It’s not exactly the Majestic Theatre, but Broadway’s biggest landlord is now the proud owner of a picturesque five-story warehouse in the shadow of the cruise ships and piers along Manhattan’s far West Side. As first reported exclusively here in July, the Shubert Organization, which owns 17 of Broadway’s 40 designated theaters (including the Opera Ghost’s crib, the Majestic) has bought the former H.B. Day Warehouse at 604-606 West 48th Street, between 11th Avenue and the West Side Highway. The sale price was $11.25 million, $1.25 million above the $10 million ask, according to New York City documents obtained by Deadline.
Built in 1929, the warehouse is slightly younger than most of the Shubert theaters. Amenities on the 24,000 square-foot building include a full basement, a freight elevator and ground-floor parking, which Shubert executives don’t need, since they already can park for free in Shubert Alley, by the Shubert Theatre, home to Matilda and soon to be bookended by Bradley Cooper’s John Merrick, The Elephant Man, at the Shubert-owned Booth. “The property holds tremendous promise as a headquarters, showroom, production and/or distribution facility for a wide array of firms involved in the media, fashion or service industries,” according to an offering brochure obtained by Deadline.
The deal was set in motion last spring with the formation of “604-606 W 48th St. LLC,” filed with the New York State Secretary of State. The principal of the limited liability corporation is Gilbert C. Hoover IV, the Vice President and General Counsel at Shubert, whose offices are above the Shubert Theatre at 234 W. 44th Street. Hoover did not return a call seeking comment about the purchase.

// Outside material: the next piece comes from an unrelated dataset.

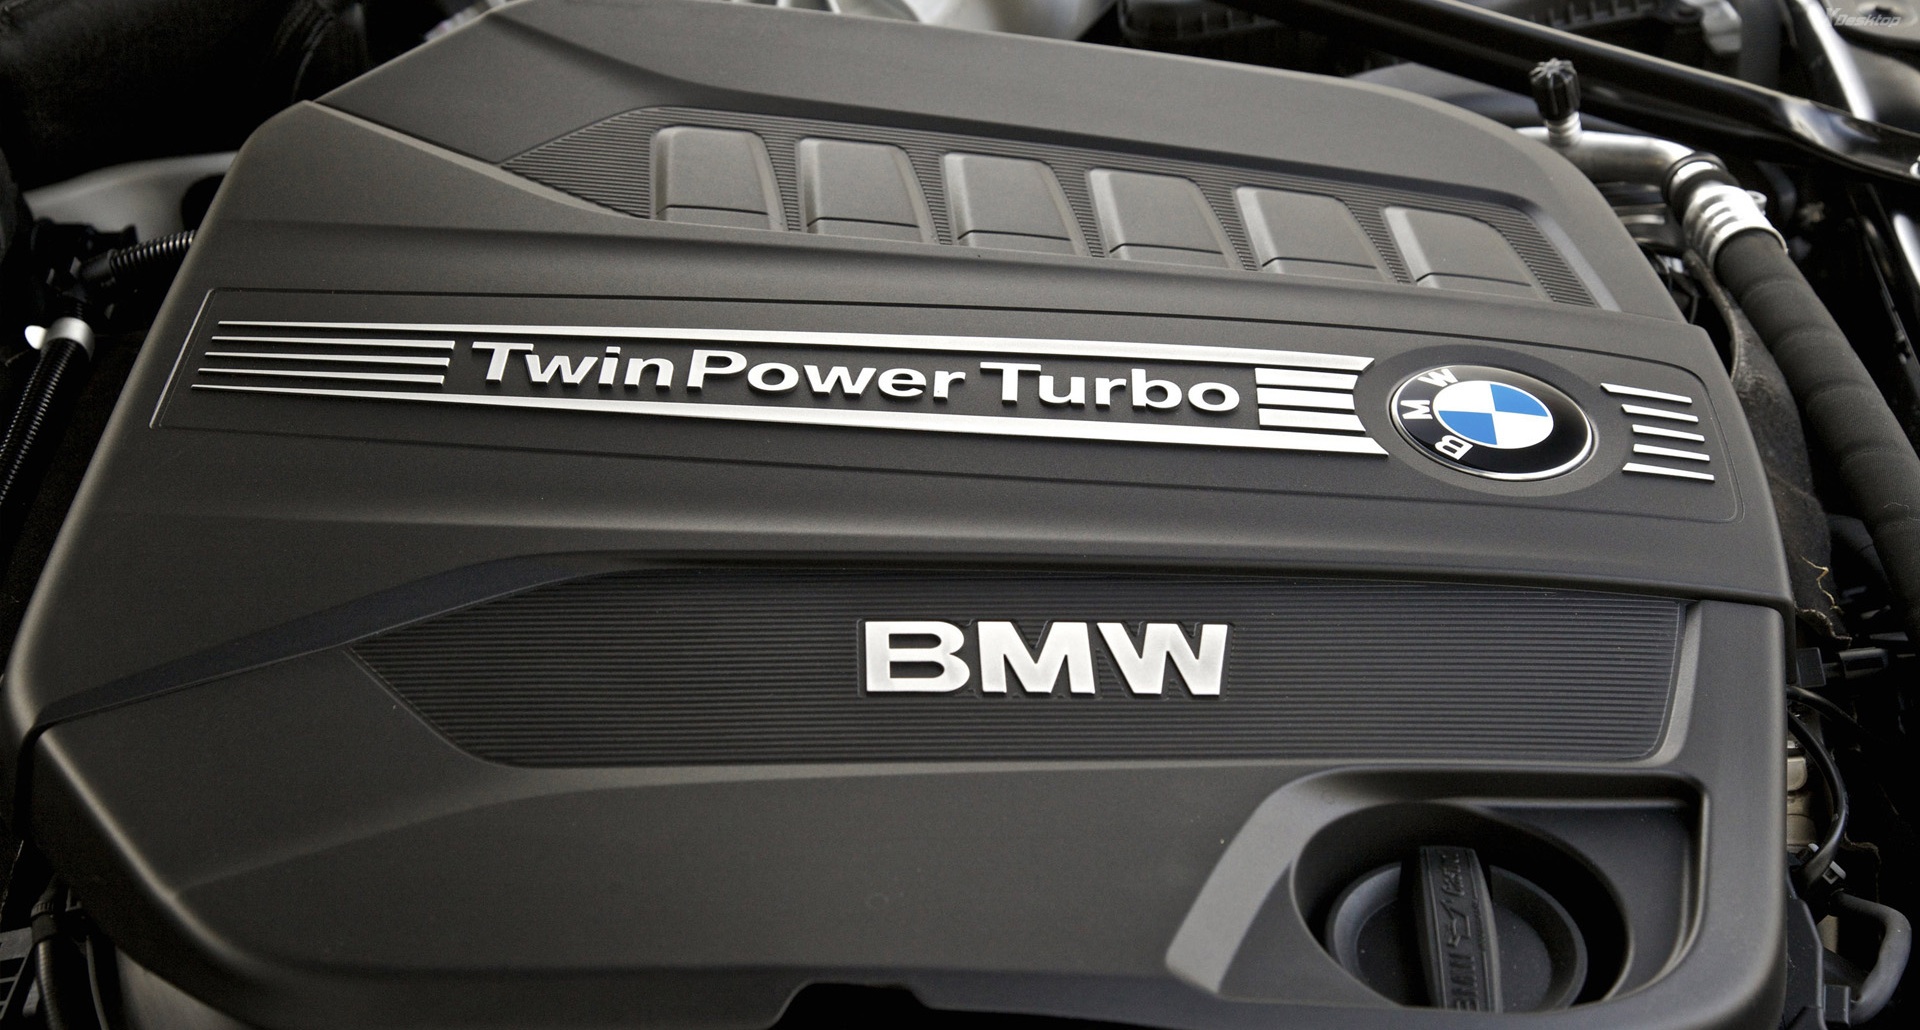 Bmw twinpower turbo #2

However, the nonprofit Shubert Organization has been on a buying and spending spree of late. It’s taking over the five-theater off-Broadway New World Stages complex on West 50th Street, at a cost of more than $20 million. Most of the transactions relate to air rights above the landmarked Shubert theaters, which the company can sell to builders looking to add more floors to the skyscrapers now sprouting up like wheat stalks in and around the Theater District. Since 2008, Shubert has grossed some $50 million in sales of air rights, and as a nonprofit corporation, it needs to stash the cash somewhere.
Now it has a new package to pitch: Along with the Day building’s 24,000 actual square feet on the 50-foot-by-100-foot lot is the more ephemeral 1,105 square feet of air rights that come with it. Those rights currently are selling at around $400 per square foot — and rising.